Xilinx provides a development platform, Vitis, which allows development in C, C++, or OpenCL. It also enables organizations to build accelerated applications via a set of open-source libraries optimized for the Xilinx FPGA in the SmartSSD. There are Viti’s libraries for accelerating AI inferencing, data analytics, quantitative finance, and others. Xilinx claims that using Bigstream’s hyper-acceleration layer, SmartSSD can make Apache Spark analytics 10 times faster.
Meanwhile, the NoLoad products from Eideticom are CSPs in that they contain an accelerator engine but no storage. Instead, they connect with storage and the host CPU via NVMe, allowing compute and storage to be scaled independently. In fact, with support for NVMe-oF, the data could equally be held in external storage arrays.
The load devices use an FPGA as the accelerator and are available as a PCIe card, a U.2 form factor like a drive enclosure, or EDSFF format, based on Intel’s Ruler SSD format. The load can support various functions, such as compression, encryption, erasure coding, deduplication, data analytics, and machine learning (ML).
NoLoad devices have already been deployed at the Los Alamos National Laboratory (LANL) as part of a next-generation storage system for high-performance computing (HPC). This has seen NoLoad devices used to offload essential storage tasks in a Lustre/ZFS file system, leading to improved performance and reduced costs for the storage system.
Also targeting storage is Pliops, which uses a PCIe card with an FPGA to accelerate key-value operations used in applications such as databases. The Pliops Storage Processor (PSP) implements an optimized data structure for database-related storage operations, such as indexing, searching, or sorting, and accelerates them without requiring any software changes to the application. It does this by replacing the underlying key-value storage engine, such as InnoDB, the default option for MySQL, with its hardware accelerator. Plops claim that this implementation can deliver 10 times the number of queries per second while making more efficient SSD storage space, delivering immediate business value.
GPUs can do computational storage too.
Perhaps the most extreme computational storage accelerator example is Nyriad. The firm has developed a software-defined storage platform called Nsulate that uses an Nvidia GPU to accelerate erasure coding functions. It is intended as an alternative to RAID for high-performance scale-out storage deployments requiring a high level of reliability.

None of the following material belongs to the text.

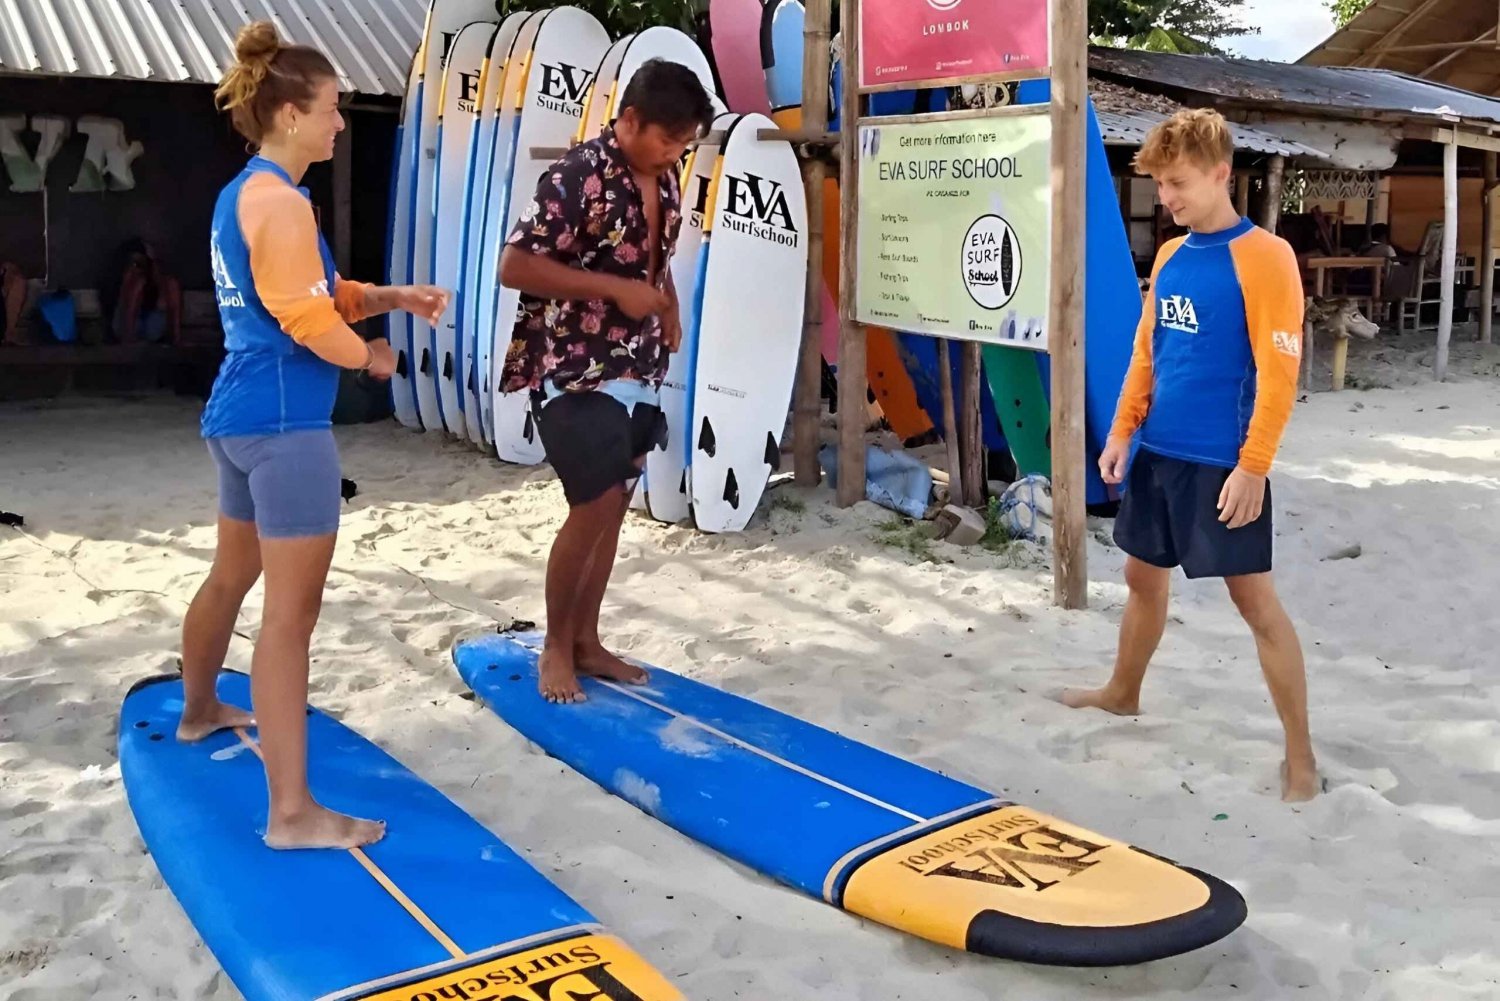 Lombok Surf lektion för nybörjare i Selong Blanak Beach

In fact, it is claimed to be able to cope with dozens of simultaneous device failures in real-time, with no performance degradation, as Nsulate can rebuild any missing data faster than the data can be fetched from storage. This means that replacing a failed drive does not need to be a high priority for the IT team. Nyriad claims that the GPU can simultaneously be used for other workloads such as machine learning.
Insulate is currently available as part of pre-built systems by Boston Limited, which offers a Supermicro-based Nsulate storage server.
Computational storage is still at an early stage of development, although some suppliers have been offering deployable products for several years. Therefore, organizations evaluating it for their datacentre need to use caution, but there are already benefits from using computational storage products in specific applications. They can lead to lower overall power consumption and the need for fewer CPU cores per server node, for example, and deliver a significant boost in performance in many cases.